Unless otherwise stated, the term "greater than X", where X is a number, has the same meaning as "X or greater than X". Similarly, the term "greater than about X", where X is a number, has the same meaning as "about X or greater than about X".
Unless otherwise stated, the term "less than X", where X is a number, has the same meaning as "X or less than X". Similarly, the term "less than about X", where X is a number, has the same meaning as "about X or less than about X".
Unless otherwise stated, the terms "including" and "comprising" have the same meaning and the terms "including" and "comprises," but are not limited to, "have the same meaning. Similarly, terms such as "and" such as but not limited to "have the same meaning.
Unless otherwise stated, one or more modifiers that immediately precede a series of nouns are considered to apply to each noun. For example, the phrase "optionally substituted alkyl, aryl or heteroaryl" has the same meaning as "optionally substituted alkyl, optionally substituted aryl or optionally substituted heteroaryl".
It should be noted that the chemical moiety that forms part of the larger compound may be referred to herein using the names typically used when the compound moiety is present as a single molecule or when present as a group. For example, the terms "pyridine" and "pyridyl" have the same meaning when used to describe a moiety bound to other chemical moieties. Thus, the two expressions "XOH, wherein X is pyridyl" and "XOH, wherein X is pyridine" are used with the same meaning and include the compounds pyridin-2-ol, pyridin-3-ol and pyridin-4-ol.
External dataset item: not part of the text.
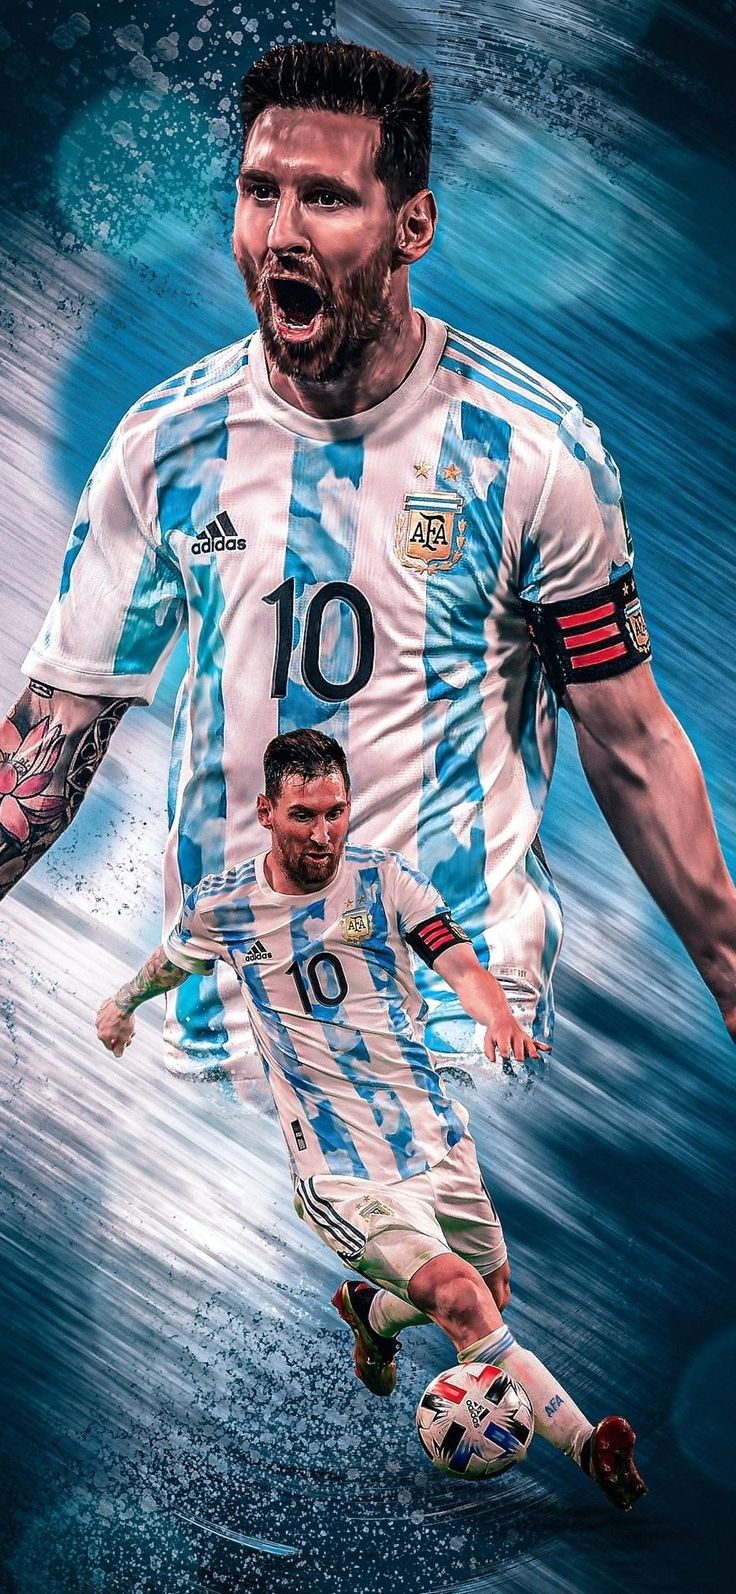 Bạn yêu thích Lionel Messi và đội tuyển Argentina? Hãy xem bộ sưu tập hình nền độc đáo “Messi 2022 Argentina Wallpaper” để chuẩn bị đón chào sự kiện bóng đá lớn nhất năm

It should also be noted that a structure or a portion of a structure is understood to encompass all stereoisomers of it if the stereochemistry of the structure or portion of the structure is not indicated, for example, by bold or dashed lines. Similarly, the name of a compound having one or more chiral centers, without specifying the stereochemistry of such centers, encompasses both pure stereoisomers and mixtures thereof. In addition, any atom shown in the figures having an unsaturated valence is assumed to have enough hydrogen atoms attached to meet the valence requirement. In addition, chemical bonds represented by a solid line parallel to a dashed line encompass both single and double bonds (e.g., aromaticity), provided that valency permits.
Synthesis method
The present invention includes a process for preparing a compound of formula I:
wherein: a is an optionally substituted heterocycle; r1Is N (R)1A)2Hydrogen, hydroxy, or optionally substituted alkyl, aryl, alkylaryl, arylalkyl, heteroalkyl, heterocycle, alkylheterocycle, or heterocycloalkyl; and each R1AIndependently hydrogen, or optionally substituted alkyl, aryl, alkylaryl, arylalkyl, heteroalkyl, heterocycle, alkylheterocycle or heterocycloalkyl. In one embodiment, the compound is prepared by reacting a compound of formula II:
with a compound of formula III:
under conditions sufficient to form a compound of formula I.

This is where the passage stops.